> [EXERCISE] Here the job is to repeat the listing exactly, but not the pictures in it.

> [STORED DATA]
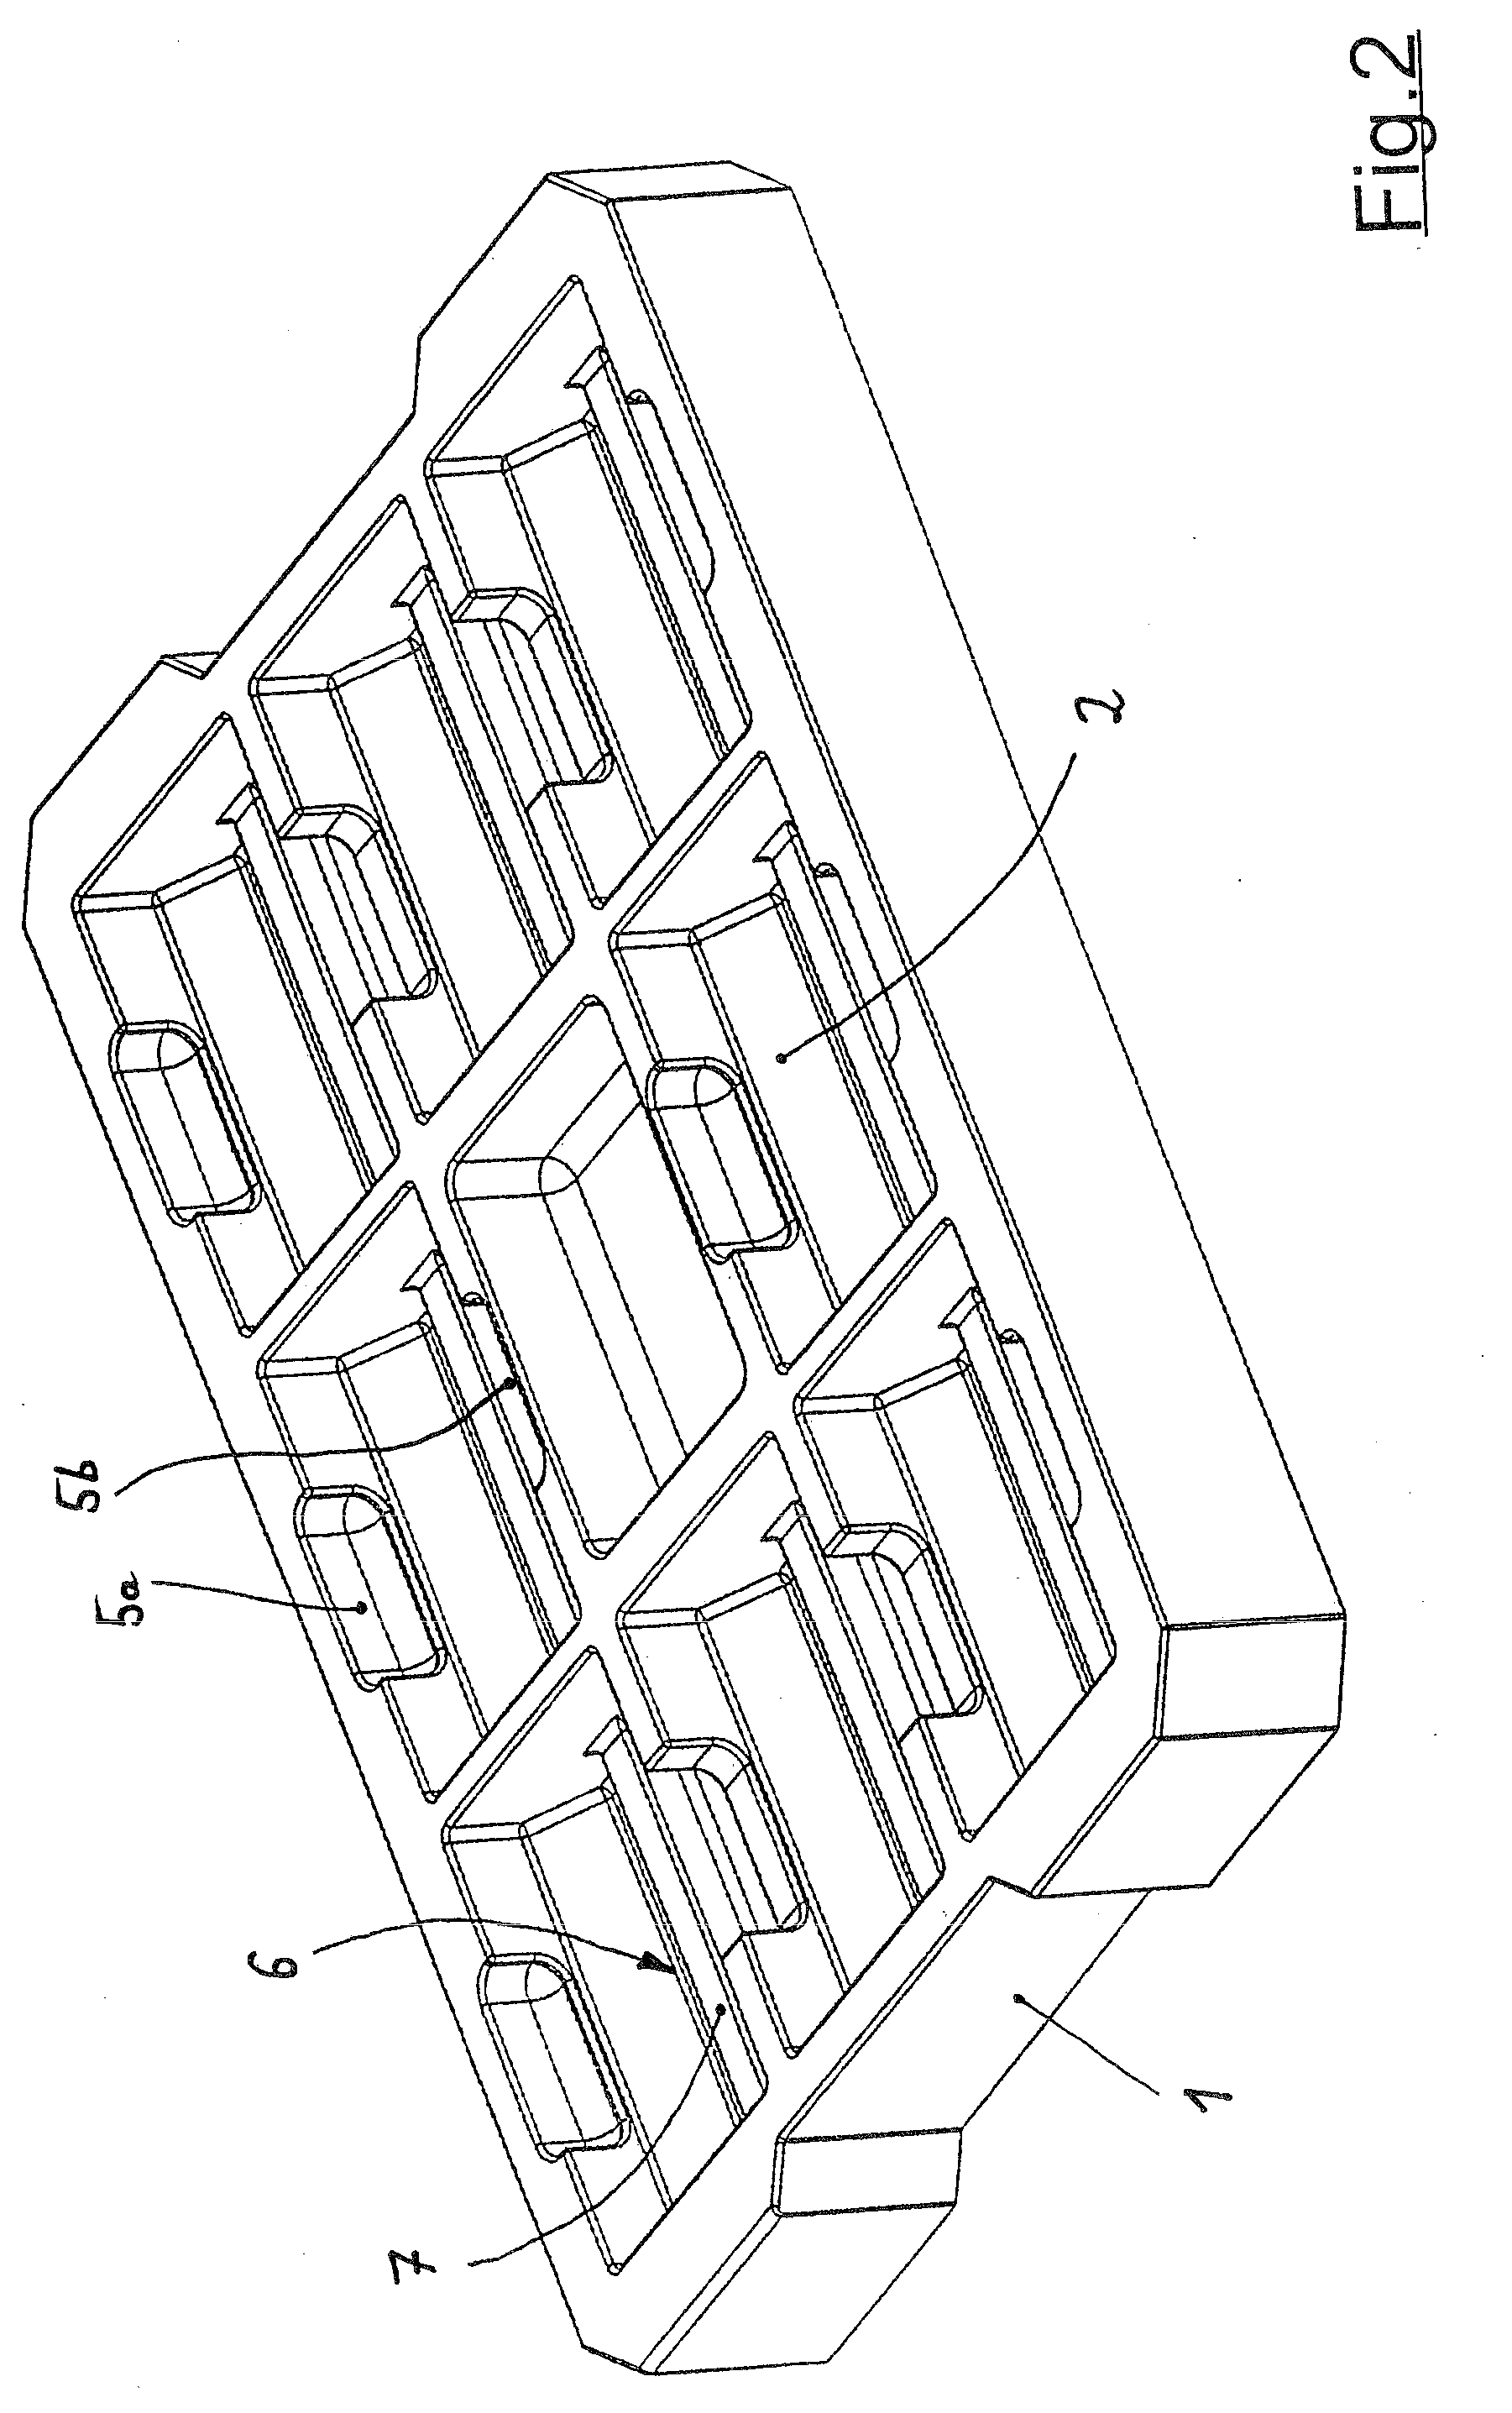 Palletlike arrangement for packaging goods
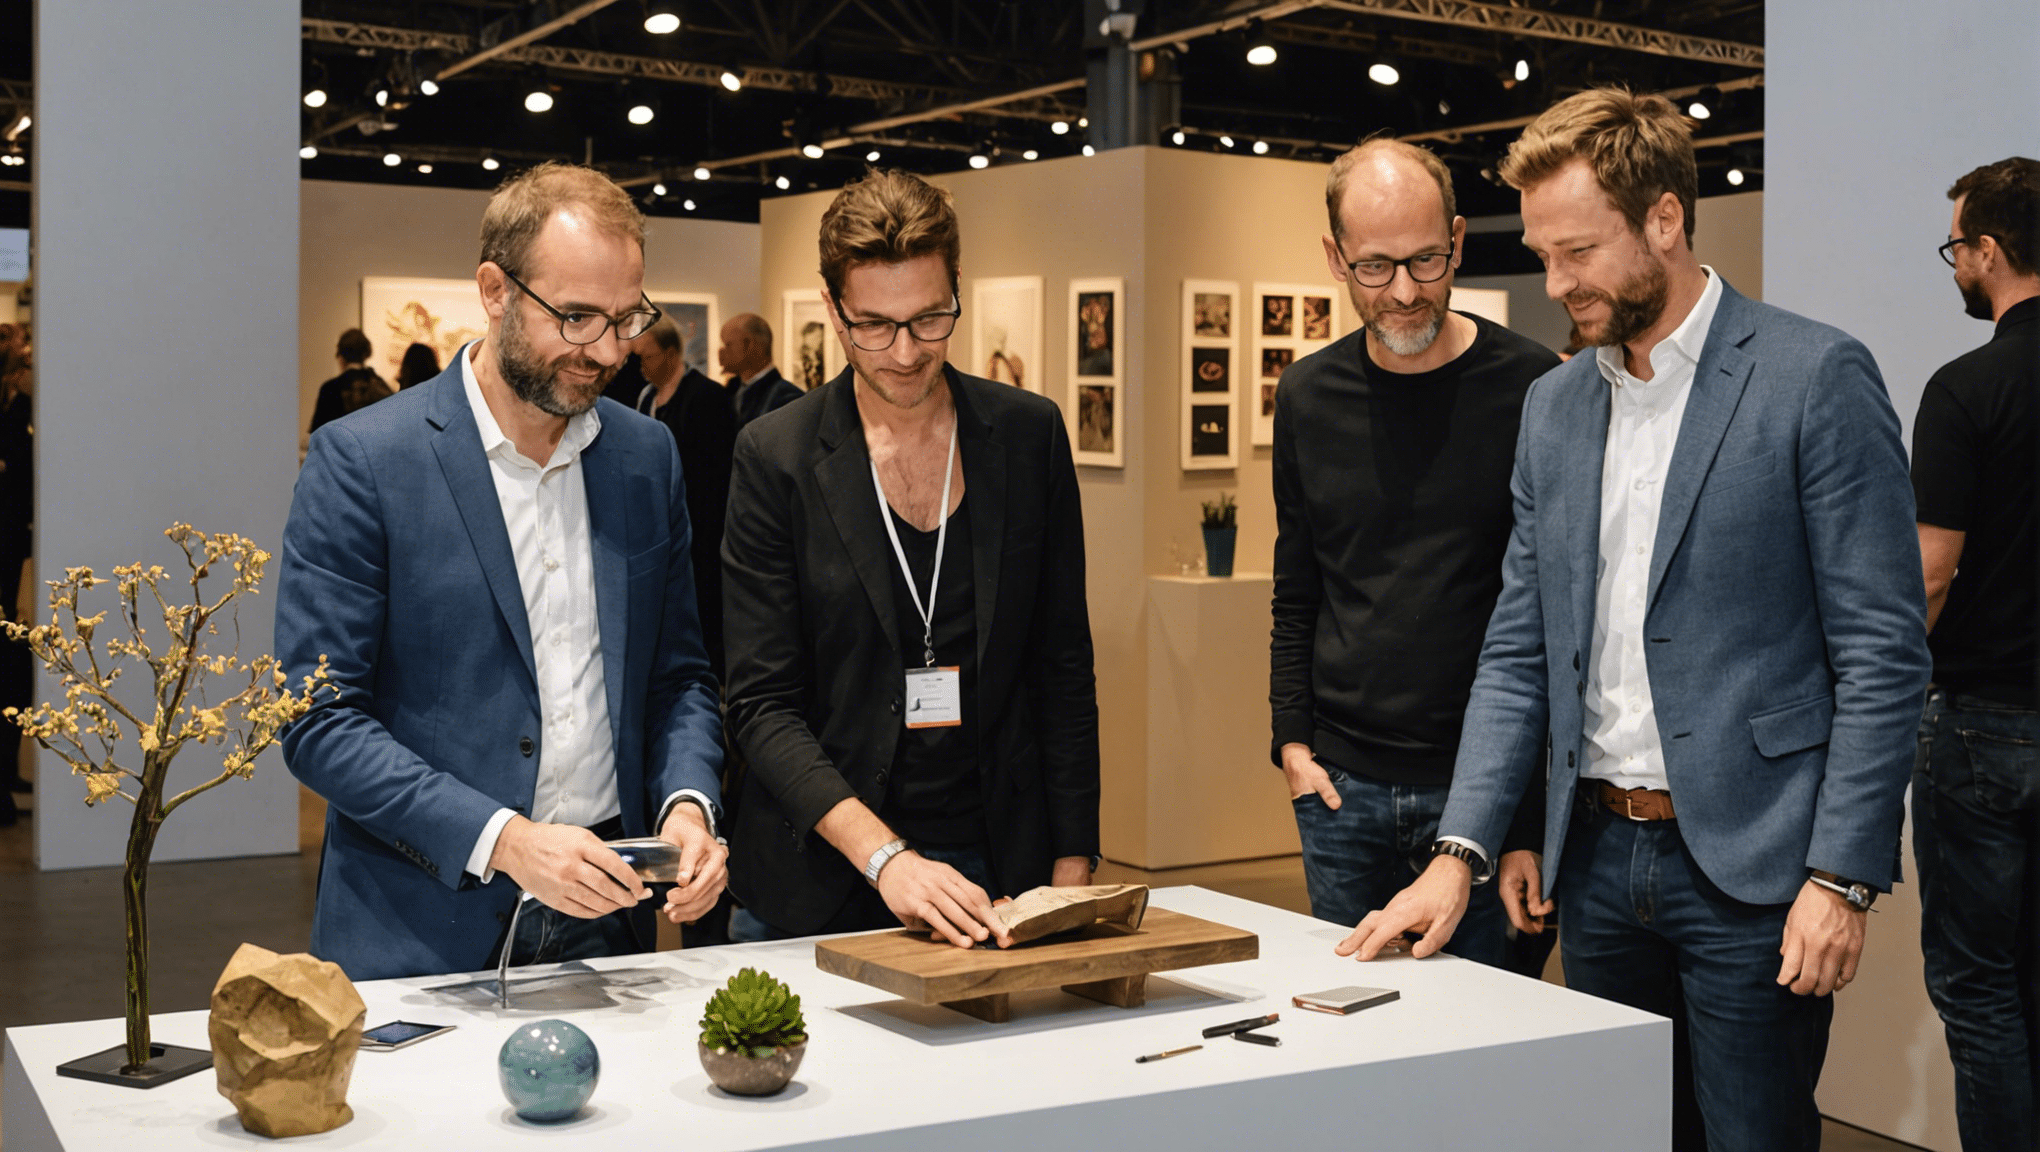 découvrez les créateurs belges à l’honneur au salon “soignies design”, une vitrine d'innovation et de talent. qu'est-ce qui rend ces créateurs si exceptionnels ?
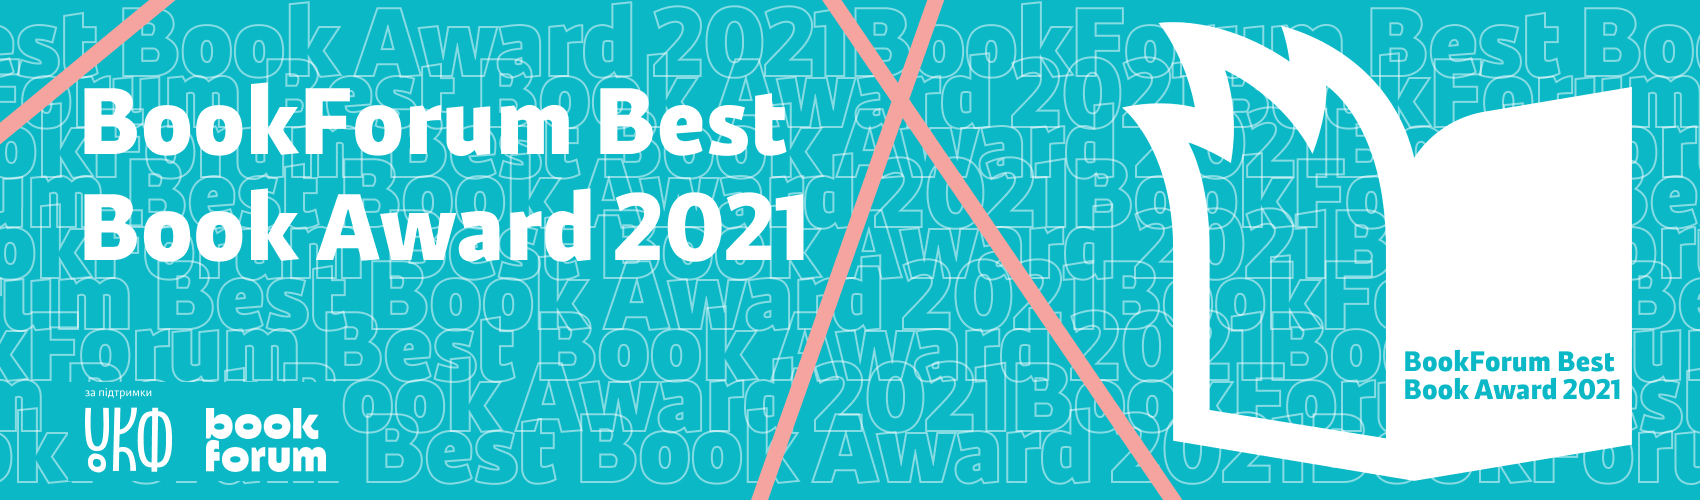 28 BookForum оголосив переможців Best Book Award 2021
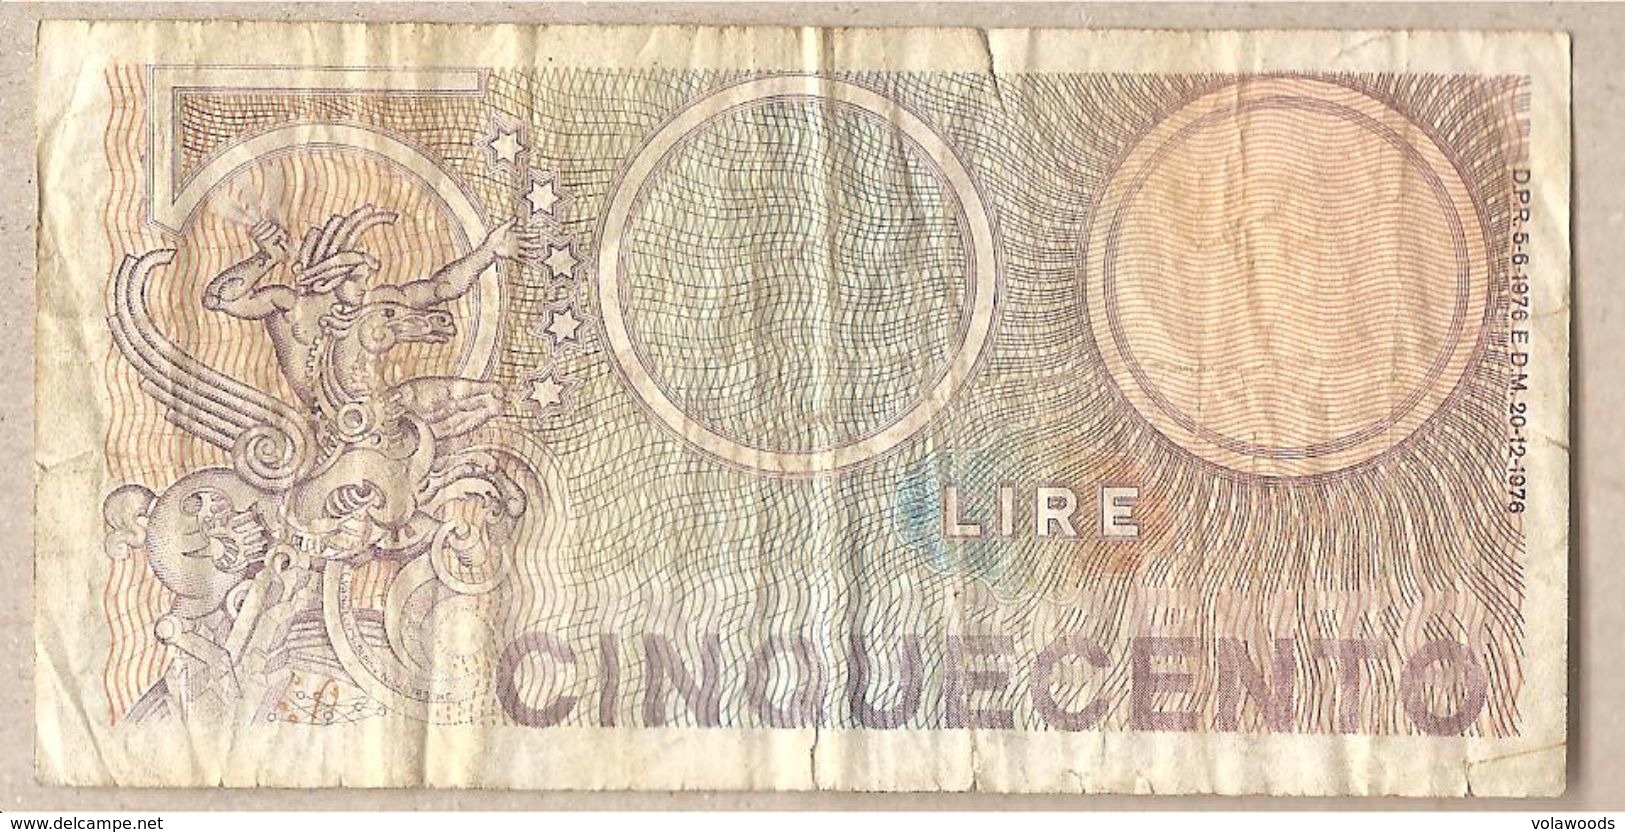 Italia - Banconota Circolata Da 500 Lire "Mercurio" P-95 - 1976 #19 - 500 Lire

> [EXERCISE OUTPUT]
 Palletlike arrangement for packaging goods
 découvrez les créateurs belges à l’honneur au salon “soignies design”, une vitrine d'innovation et de talent. qu'est-ce qui rend ces créateurs si exceptionnels ?
 28 BookForum оголосив переможців Best Book Award 2021
 Italia - Banconota Circolata Da 500 Lire "Mercurio" P-95 - 1976 #19 - 500 Lire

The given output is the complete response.